Introduction; Many procedures are described in the literature for the surgical management of hallux valgus. There are over 130 surgical procedures described. There is ever rising enthusiasm among orthopedic surgeons regarding diaphyseal osteotomy ever since Burutaran described the procedure in 1973. We report our experience of treating severe cases of Hallux Valgus deformity with a SCARF osteotomy at the last three years' follow-up, at patients diagnosed and operated in the University Hospital of Trauma, from January 2015 - February 2018. The technique we are presenting provides the correction of moderate to severe hallux valgus deformities.
Material and Methods: Correction of hallux valgus deformities was achieved using a Z-step osteotomy cut to realign the first metatarsal bone. A retrospective analysis was undertaken in 38 consecutive patients (54 feet). All results were analyzed by clinical examination, a questionnaire including the AOFAS forefoot score, and modified, and plain roentgenograms.

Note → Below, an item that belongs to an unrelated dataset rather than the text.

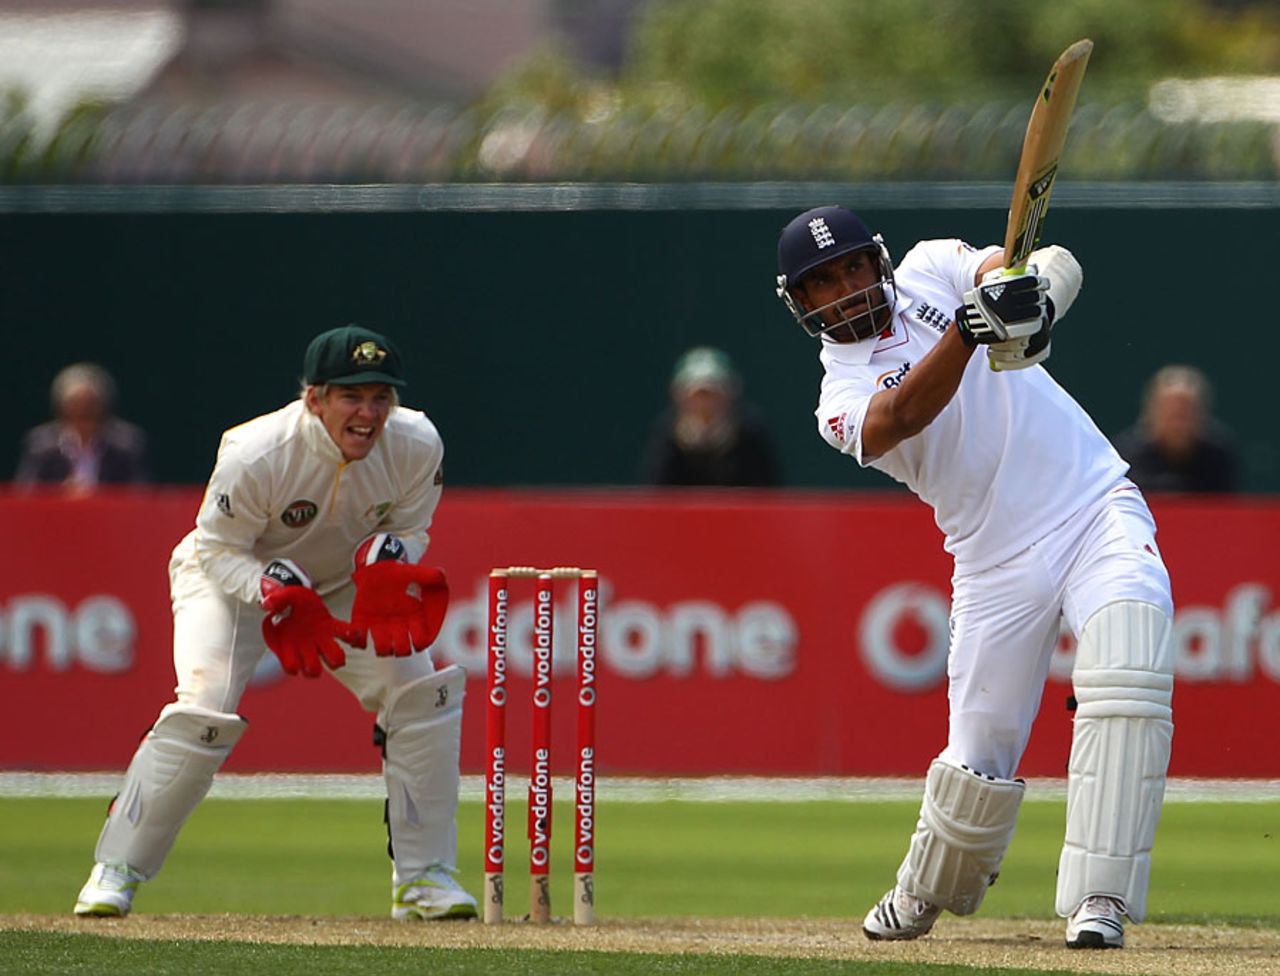 Ajmal Shahzad ended up unbeaten on 18 as England pushed past 500, Australia A v England, Hobart, 3rd day, November 19, 2010

Results: Hallux valgus and intermetatarsal angle improved at mean 19.6° and 6.9°, respectively. The mean forefoot score improved from 50.1 to 91 points out of 100 possible points. Satisfactory healing time was expressed by an average return back to their attitude of 6-12 weeks, without including physiotherapy. Persistence or recurrence of hallux valgus was seen in 3 patients (8%). The complication rate was 5.4% including superficial wound infection, atrophy of the muscles, and traumatic dislocation of the distal fragment.
Conclusion: Scarf osteotomy is a powerful and versatile procedure to correct hallux valgus deformity, and provides a predictable and satisfying result. Scarfs are not considered as a single osteotomy but as a combination of several procedures and displacement in several planes is possible.